ATLANTA, Feb. 6, 2013 /PRNewswire/ -- IntercontinentalExchange (NYSE: ICE), a leading operator of global markets and clearing houses, today reported financial results for fourth quarter and full year 2012. Consolidated net income attributable to ICE for the quarter grew 2% to $129 million on consolidated revenues of $323 million, down 1% compared to the prior fourth quarter. Diluted earnings per share (EPS) in the quarter increased 2% to $1.76.
For the fourth quarters ended December 31, 2012 and 2011, certain items were included in ICE's operating results that are not indicative of our core business performance, including transaction costs related to ICE's proposed acquisition of NYSE Euronext.

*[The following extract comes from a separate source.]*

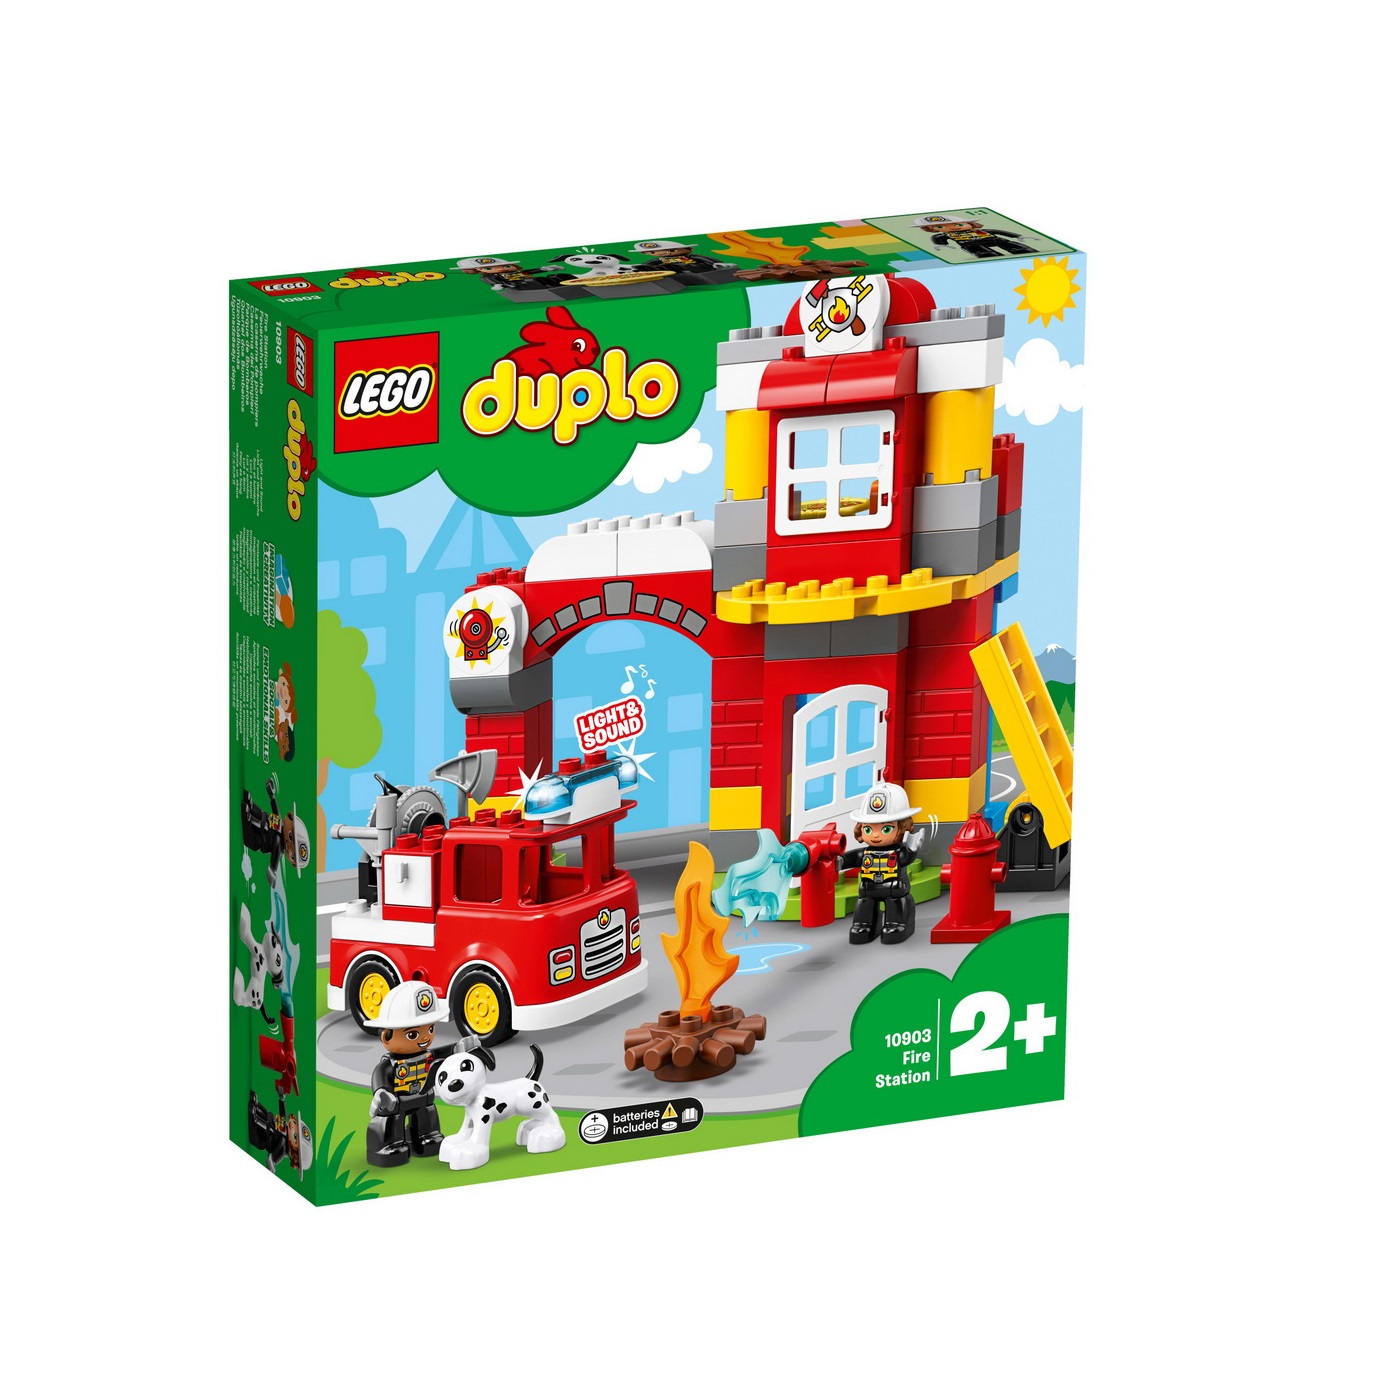 Statie de pompieri, L10903, Lego Duplo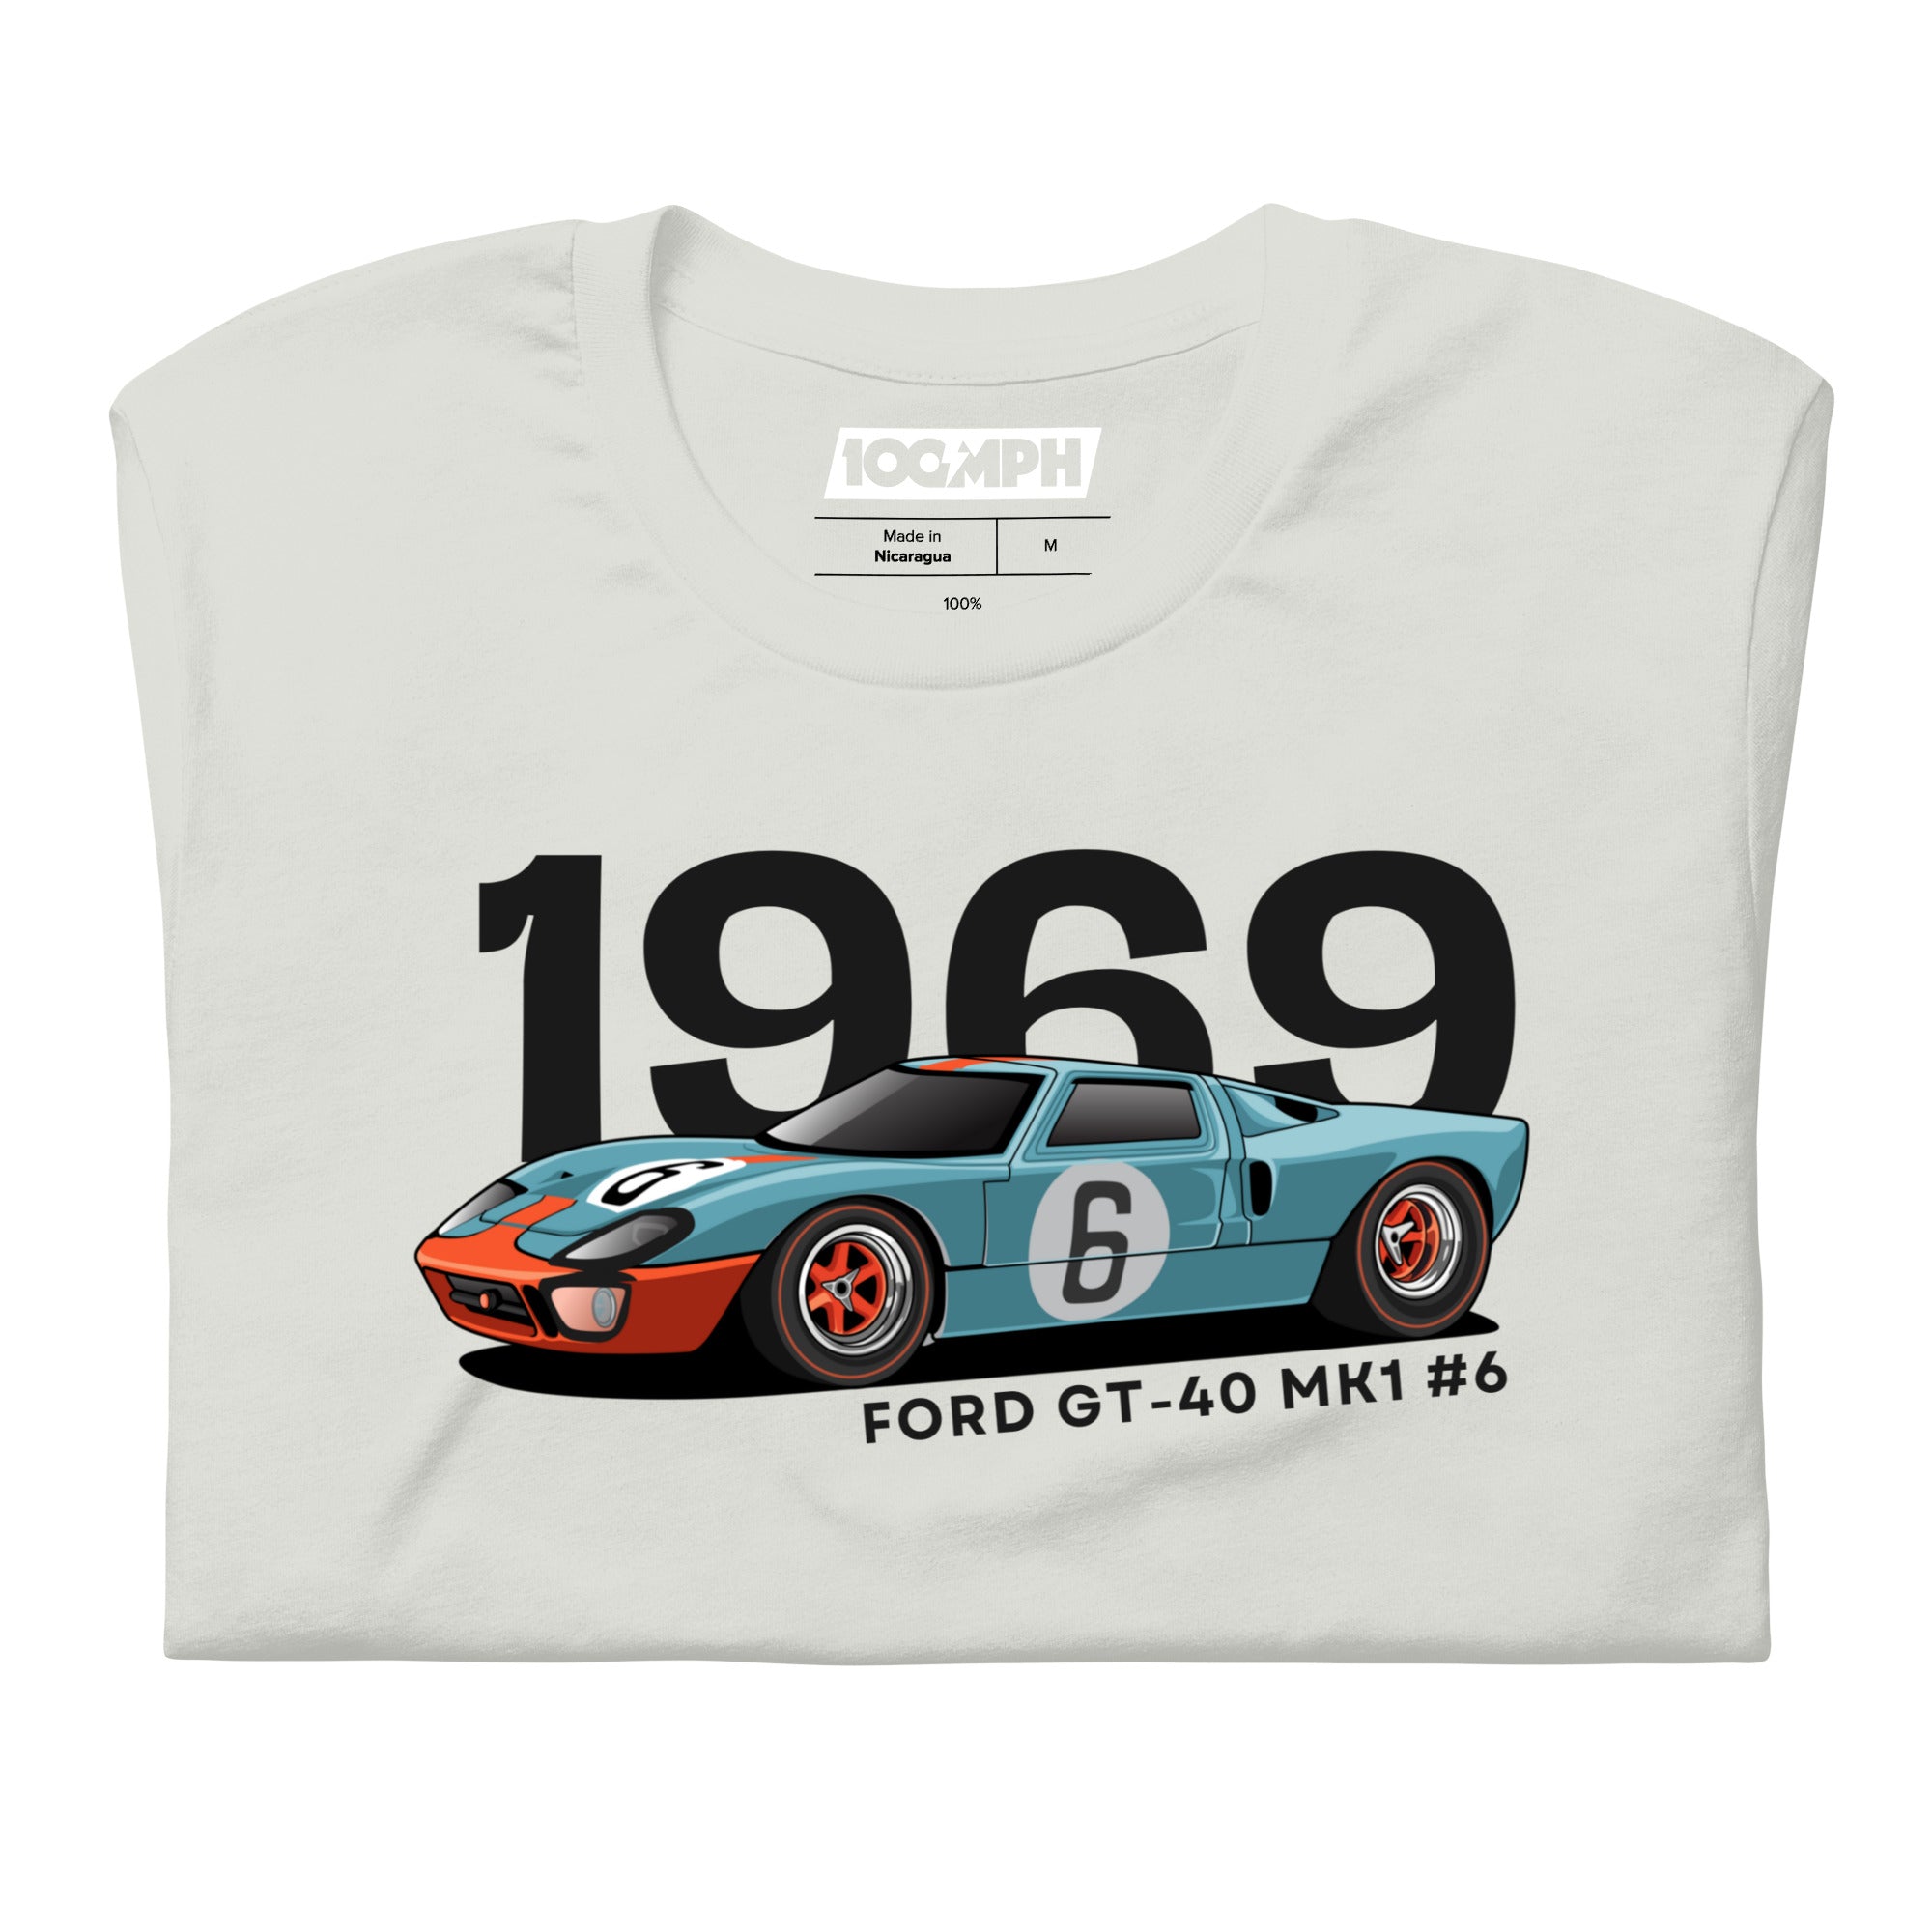 Ford GT-40 Mk1 #6 Le Mans Winner (1969)

Excluding these items, fourth quarter 2012 adjusted net income attributable to ICE increased 5% to $135 million and adjusted diluted EPS grew 5% to $1.84. Please refer to the reconciliation of non-GAAP financial measures included in this press release for more information on adjusted net income attributable to ICE and adjusted diluted EPS.
For the year ended December 31, 2012, ICE reported a 3% increase over 2011 in consolidated revenues to $1.36 billion, the ninth consecutive year of record revenues. Consolidated 2012 net income attributable to ICE rose 8% to a record $552 million, and diluted EPS increased 9% to $7.52 for the year. Consolidated cash flow from operations grew 3% to a record $733 million in 2012.
ICE Chairman and CEO Jeffrey C. Sprecher said: "We made tremendous strides operationally and strategically in 2012, again delivering on industry requirements amid continued regulatory change, including helping to bring greater regulatory certainty to our customers and markets. At the same time, we delivered record financial results and growth on top of growth, while investing to position our company for the many opportunities ahead. I want to thank and recognize our team for their continued leadership in serving our customers and driving results for our shareholders."
Scott Hill, ICE SVP and CFO said: "As the needs of our customers evolve, they increasingly rely upon our markets to manage risk and comply with regulatory requirements. We are expanding our services to meet their needs while also investing prudently for best in class growth and returns. As we look to 2013, we continue our strong commitment to growth and innovation."
Fourth Quarter 2012 Results
Fourth quarter 2012 consolidated revenues were $323 million, a 1% decline from the prior fourth quarter. Transaction and clearing fee revenues totaled $277 million in the fourth quarter of 2012, down 4% compared to the same period of 2011. Average daily volume (ADV) in ICE's futures business was 3.1 million contracts, down 1% from the fourth quarter of 2011(1). Revenues from ICE's credit default swap (CDS) trade execution, processing and clearing business were $36 million in the quarter, down 14% from the fourth quarter of 2011, and included $19 million in CDS clearing revenues.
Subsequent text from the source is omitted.